The @Altarans, a species whose entire civilization was built on psionics, could not avoid this problem. Every @Altaranwas at least a minor latent psion. Every starship, every facility, every vehicle operated in constant proximity to nethereal energy. Silicon-based AI was not merely impractical; it was impossible. So they found an alternative.
The Servant-Mind
A Servant-Mind is a living brain, surgically altered and wired into a mechanical encasement. The frontal lobes are controlled by silicon processing units that override volition and direct cognition toward whatever task the brain has been assigned. The organ itself is kept alive by biomechanical modules—nutrient circulators, oxygen exchangers, neural stimulators—that sustain it indefinitely. It does not sleep. It does not dream. It does not think any thought that does not serve its function.

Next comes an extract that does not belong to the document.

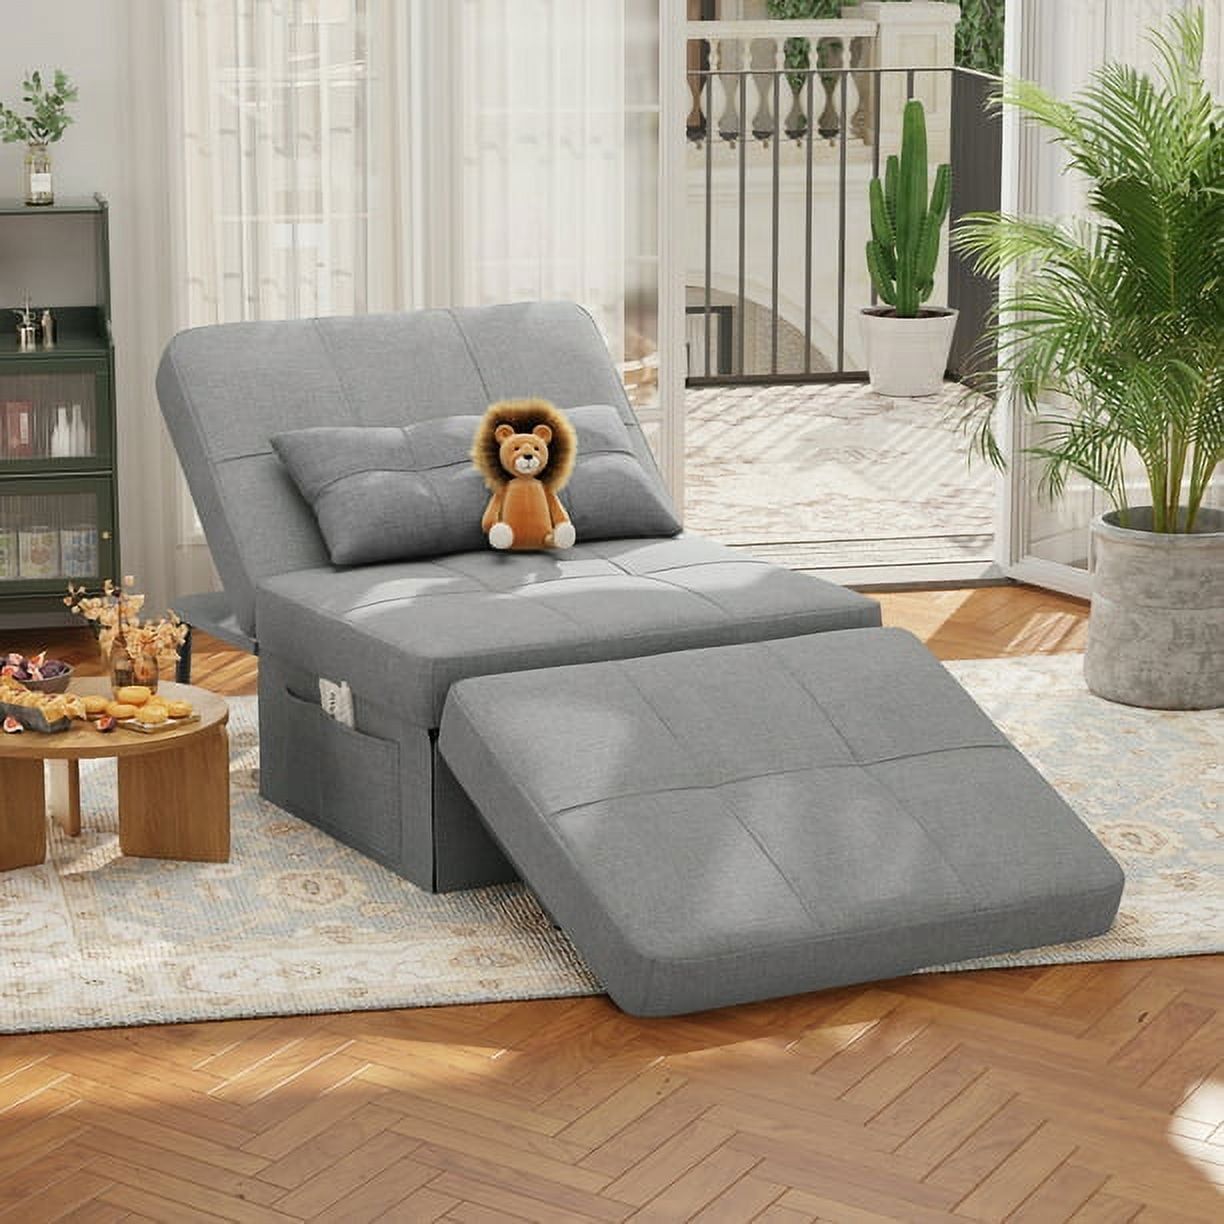 Chair Bed, Lofka Convertible Recliner Single Sofa Bed, Free Installation,  730 Lbs, Light Gray – Walmart Throughout Convertible Light Gray Chair Beds (Photo 1 of 15)
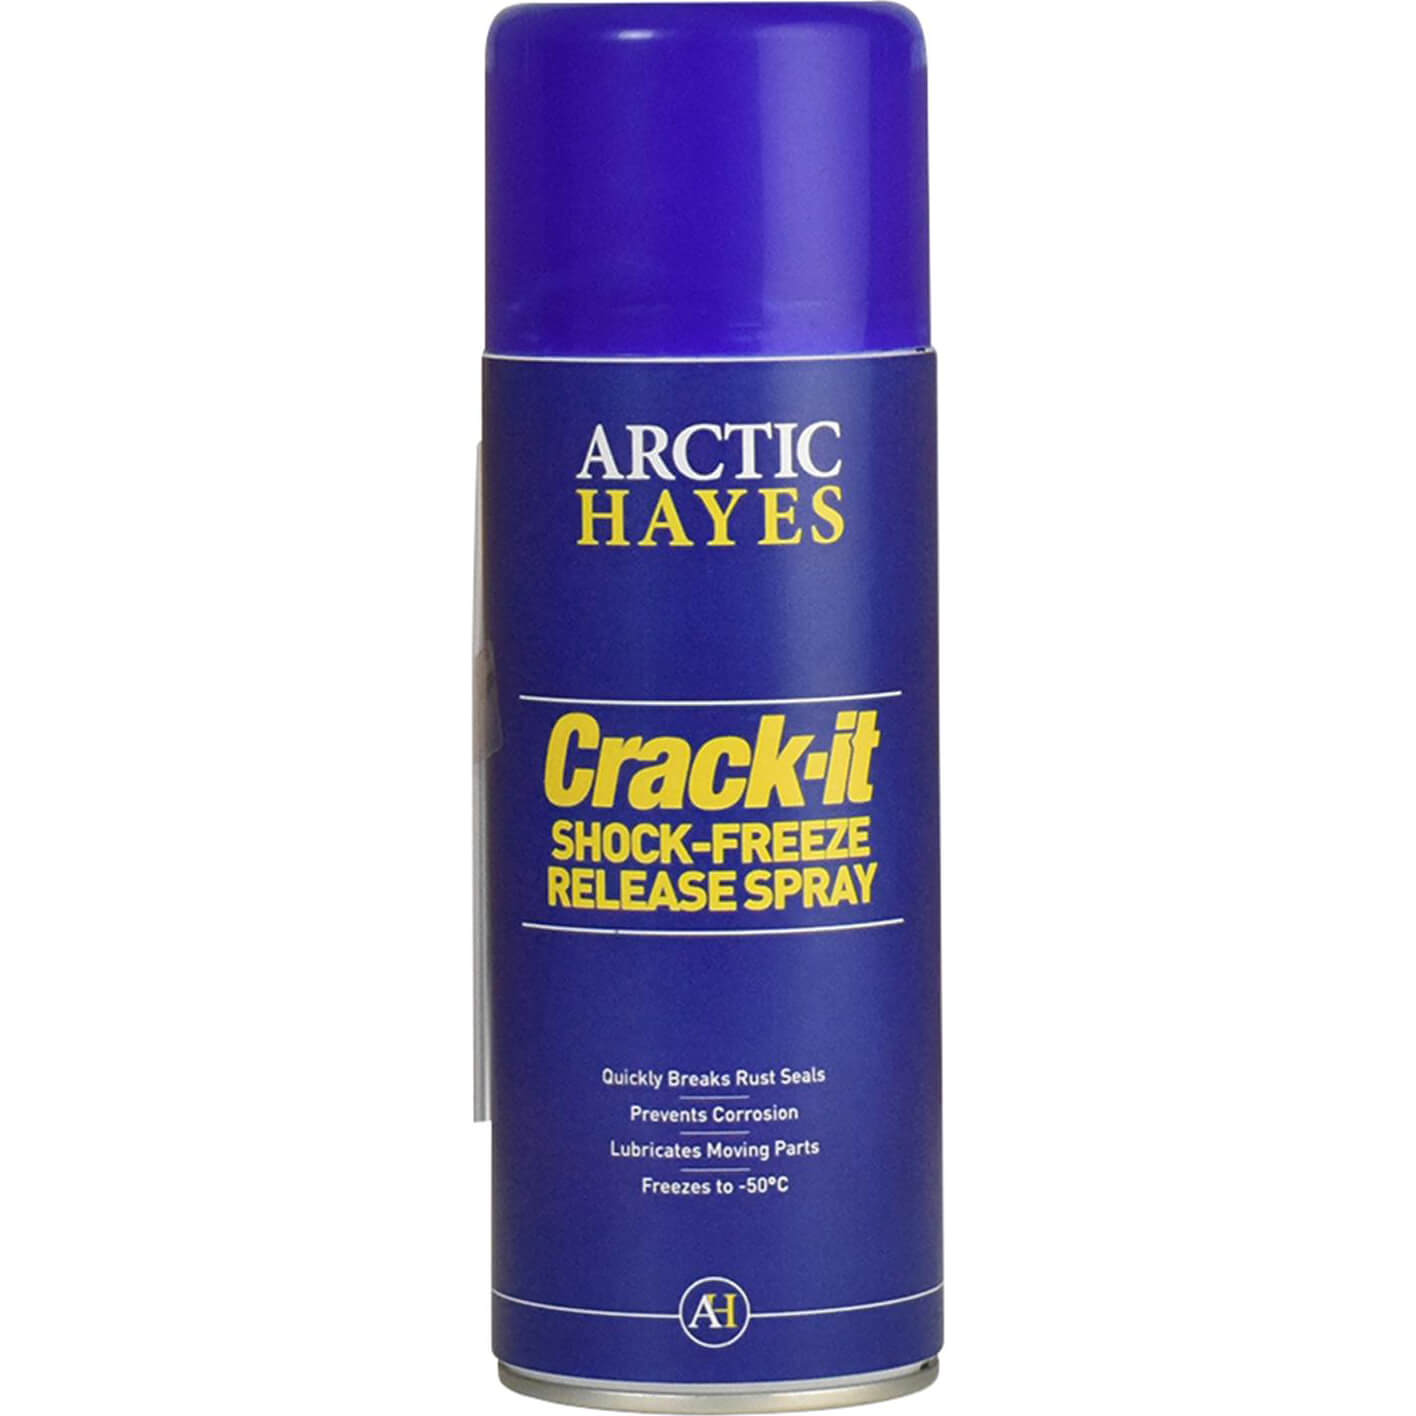 Image of Arctic Hayes Crack It Shock Freeze Release Spray 400ml

The brain is entombed. It has no body, no senses save those its mechanical housing provides, no existence beyond the narrow bandwidth of its assigned purpose. A Servant-Mind controlling a starship's navigation array perceives only manifold vectors and gravitational gradients. One governing a climate-control system feels only temperature fluctuations and atmospheric composition. One installed in a Sentinel—the Providence's autonomous combat unit—knows only targeting solutions, threat prioritization, and the cold arithmetic of kill ratios. The brain is alive. It is conscious. But what it is conscious of has been surgically reduced to almost nothing.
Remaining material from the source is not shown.